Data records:
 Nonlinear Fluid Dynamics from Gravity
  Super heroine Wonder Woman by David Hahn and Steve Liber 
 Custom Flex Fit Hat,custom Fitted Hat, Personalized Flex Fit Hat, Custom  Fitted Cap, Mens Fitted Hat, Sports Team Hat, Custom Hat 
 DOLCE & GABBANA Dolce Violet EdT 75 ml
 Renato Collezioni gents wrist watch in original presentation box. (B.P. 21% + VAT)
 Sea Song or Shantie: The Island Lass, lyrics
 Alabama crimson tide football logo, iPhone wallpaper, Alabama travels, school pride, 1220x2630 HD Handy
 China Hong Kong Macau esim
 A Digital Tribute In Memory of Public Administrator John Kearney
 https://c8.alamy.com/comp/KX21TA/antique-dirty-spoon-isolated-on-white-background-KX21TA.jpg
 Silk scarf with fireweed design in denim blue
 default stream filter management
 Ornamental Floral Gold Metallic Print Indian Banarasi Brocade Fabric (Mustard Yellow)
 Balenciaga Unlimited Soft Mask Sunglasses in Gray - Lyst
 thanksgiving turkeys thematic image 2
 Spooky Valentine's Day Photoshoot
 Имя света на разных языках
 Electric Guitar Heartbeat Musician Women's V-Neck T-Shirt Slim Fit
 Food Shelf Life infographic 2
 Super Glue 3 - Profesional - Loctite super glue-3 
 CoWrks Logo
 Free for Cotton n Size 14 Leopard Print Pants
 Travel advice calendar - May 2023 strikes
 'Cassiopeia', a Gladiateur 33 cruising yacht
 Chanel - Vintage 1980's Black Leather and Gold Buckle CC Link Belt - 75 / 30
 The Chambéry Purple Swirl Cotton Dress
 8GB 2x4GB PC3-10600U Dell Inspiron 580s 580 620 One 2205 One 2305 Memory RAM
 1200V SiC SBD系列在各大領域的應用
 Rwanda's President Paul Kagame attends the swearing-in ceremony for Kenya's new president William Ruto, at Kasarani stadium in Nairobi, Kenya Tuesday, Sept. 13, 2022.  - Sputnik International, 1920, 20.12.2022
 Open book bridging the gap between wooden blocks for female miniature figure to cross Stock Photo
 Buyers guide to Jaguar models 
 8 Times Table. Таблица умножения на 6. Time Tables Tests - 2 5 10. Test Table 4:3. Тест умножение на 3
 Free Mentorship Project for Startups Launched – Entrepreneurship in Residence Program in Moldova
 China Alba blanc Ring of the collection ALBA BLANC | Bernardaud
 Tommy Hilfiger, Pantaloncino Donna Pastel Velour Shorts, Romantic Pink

Aim of the exercise:
What is needed is an exact copy of all the entries.

Written answer:
 Nonlinear Fluid Dynamics from Gravity
  Super heroine Wonder Woman by David Hahn and Steve Liber 
 Custom Flex Fit Hat,custom Fitted Hat, Personalized Flex Fit Hat, Custom  Fitted Cap, Mens Fitted Hat, Sports Team Hat, Custom Hat 
 DOLCE & GABBANA Dolce Violet EdT 75 ml
 Renato Collezioni gents wrist watch in original presentation box. (B.P. 21% + VAT)
 Sea Song or Shantie: The Island Lass, lyrics
 Alabama crimson tide football logo, iPhone wallpaper, Alabama travels, school pride, 1220x2630 HD Handy
 China Hong Kong Macau esim
 A Digital Tribute In Memory of Public Administrator John Kearney
 https://c8.alamy.com/comp/KX21TA/antique-dirty-spoon-isolated-on-white-background-KX21TA.jpg
 Silk scarf with fireweed design in denim blue
 default stream filter management
 Ornamental Floral Gold Metallic Print Indian Banarasi Brocade Fabric (Mustard Yellow)
 Balenciaga Unlimited Soft Mask Sunglasses in Gray - Lyst
 thanksgiving turkeys thematic image 2
 Spooky Valentine's Day Photoshoot
 Имя света на разных языках
 Electric Guitar Heartbeat Musician Women's V-Neck T-Shirt Slim Fit
 Food Shelf Life infographic 2
 Super Glue 3 - Profesional - Loctite super glue-3 
 CoWrks Logo
 Free for Cotton n Size 14 Leopard Print Pants
 Travel advice calendar - May 2023 strikes
 'Cassiopeia', a Gladiateur 33 cruising yacht
 Chanel - Vintage 1980's Black Leather and Gold Buckle CC Link Belt - 75 / 30
 The Chambéry Purple Swirl Cotton Dress
 8GB 2x4GB PC3-10600U Dell Inspiron 580s 580 620 One 2205 One 2305 Memory RAM
 1200V SiC SBD系列在各大領域的應用
 Rwanda's President Paul Kagame attends the swearing-in ceremony for Kenya's new president William Ruto, at Kasarani stadium in Nairobi, Kenya Tuesday, Sept. 13, 2022.  - Sputnik International, 1920, 20.12.2022
 Open book bridging the gap between wooden blocks for female miniature figure to cross Stock Photo
 Buyers guide to Jaguar models 
 8 Times Table. Таблица умножения на 6. Time Tables Tests - 2 5 10. Test Table 4:3. Тест умножение на 3
 Free Mentorship Project for Startups Launched – Entrepreneurship in Residence Program in Moldova
 China Alba blanc Ring of the collection ALBA BLANC | Bernardaud
 Tommy Hilfiger, Pantaloncino Donna Pastel Velour Shorts, Romantic Pink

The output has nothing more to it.